Go pan for change on the corner and get the xtra ram to go with the 2.3ghz...you can never have enough of both. Period.
Well, the way the prices for CPU and RAM are now it's easy to go 'Stupid Big'. The reality is that single CPU cores have had a hard time creaking way beyond 3 Ghz, and that there is a finite amount of memory programs will consume, and that an OS can use for cache.
On the budget end, I'd certainly want something that has a core speed approaching 3 Ghz with at least two cores, and no less than 4 GB of ram, with integrated graphics (and a reasonable bus). More ideally, and still in budget land, I'd aim for something that has 4 cores clocking at about 3 Ghz, 8 - 16 GB of RAM, and that a discrete AMD/ATI or Nividea video card that retails for about $120 (but is included). Beyond that it would be nice to have a SSD for speed, and you could add an $100 OEM hard disk for bulk storage / backups.
Once you get much above those specs, unless you're a hardcore gamer, are doing something like editing (not just playing) a large amount of HD video, compiling really big source code trees in C++, or trying to number crunch mind bogglingly large data sets, you're firmly in overkill land.

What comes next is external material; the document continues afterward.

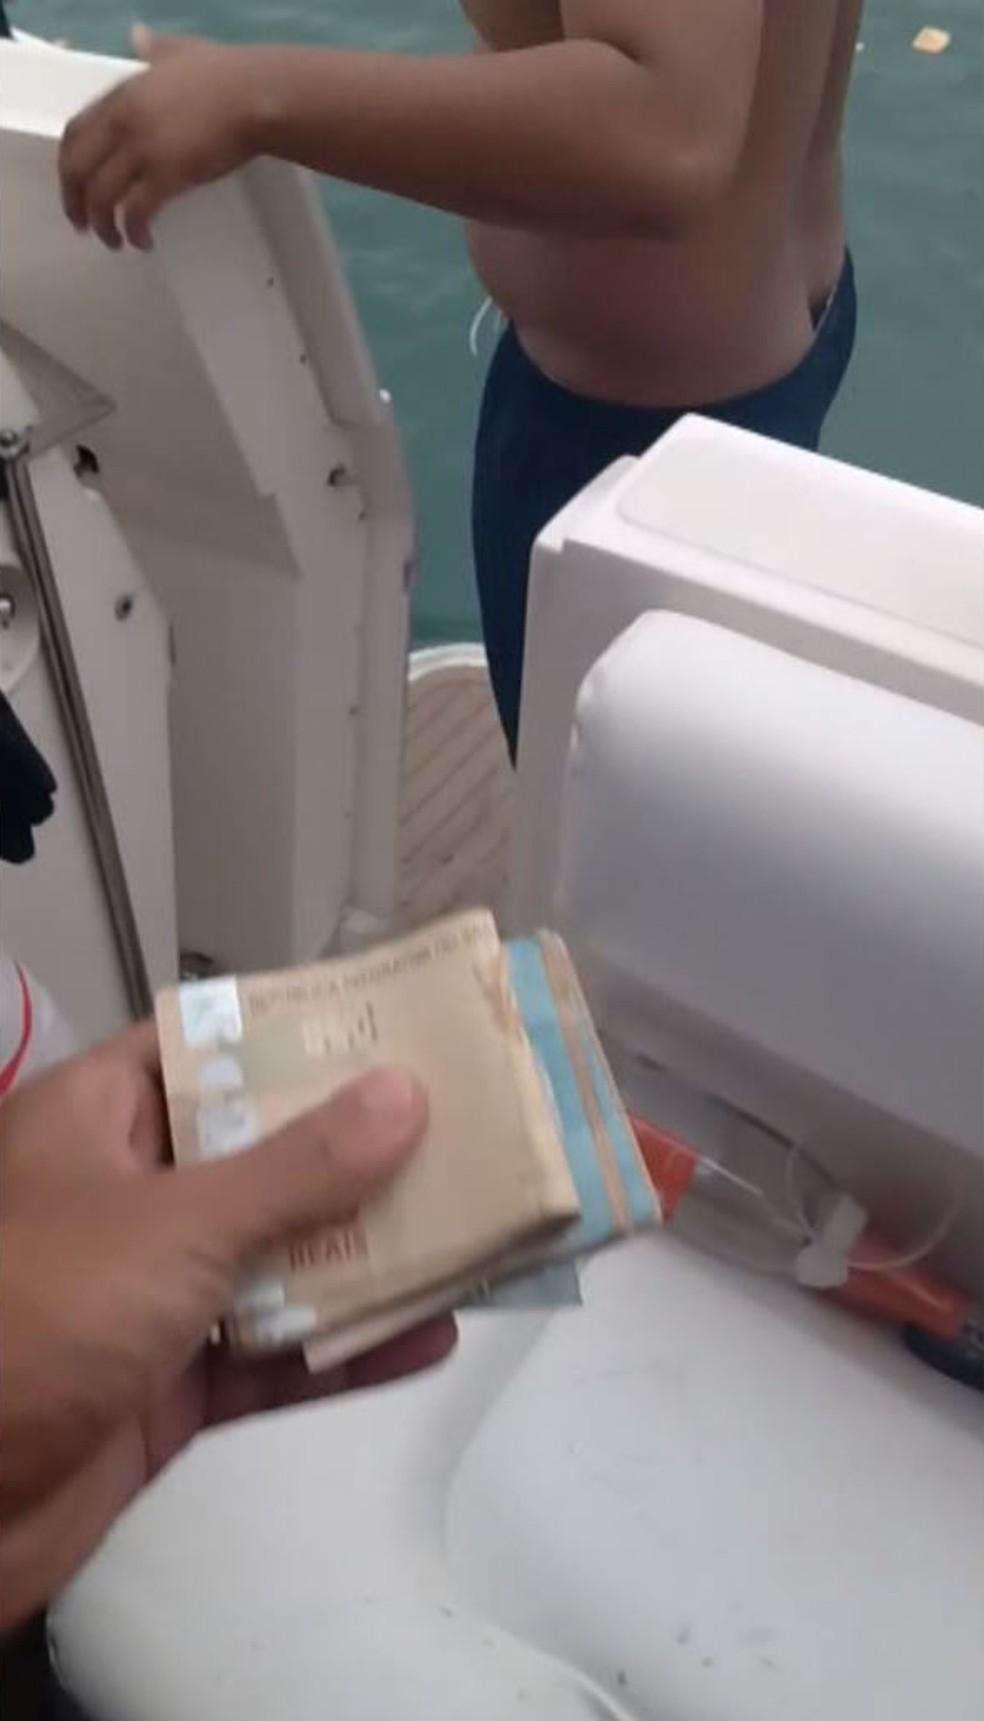 Notas são exibidas em vídeo durante festa com embarcações de luxo (Foto: Reprodução)

That 8 core, 3.5 Ghz monster, with 64 Gb of RAM, and that $500 video card is likely to sit with most of it's cores 99% idle 90+ % of the time, except when you play a game that may hammer one or two of those cores. Even with that game loaded, all of the programs you normally use in memory, and the OS caching everything it can think of, you'll still probably have a whack of free memory.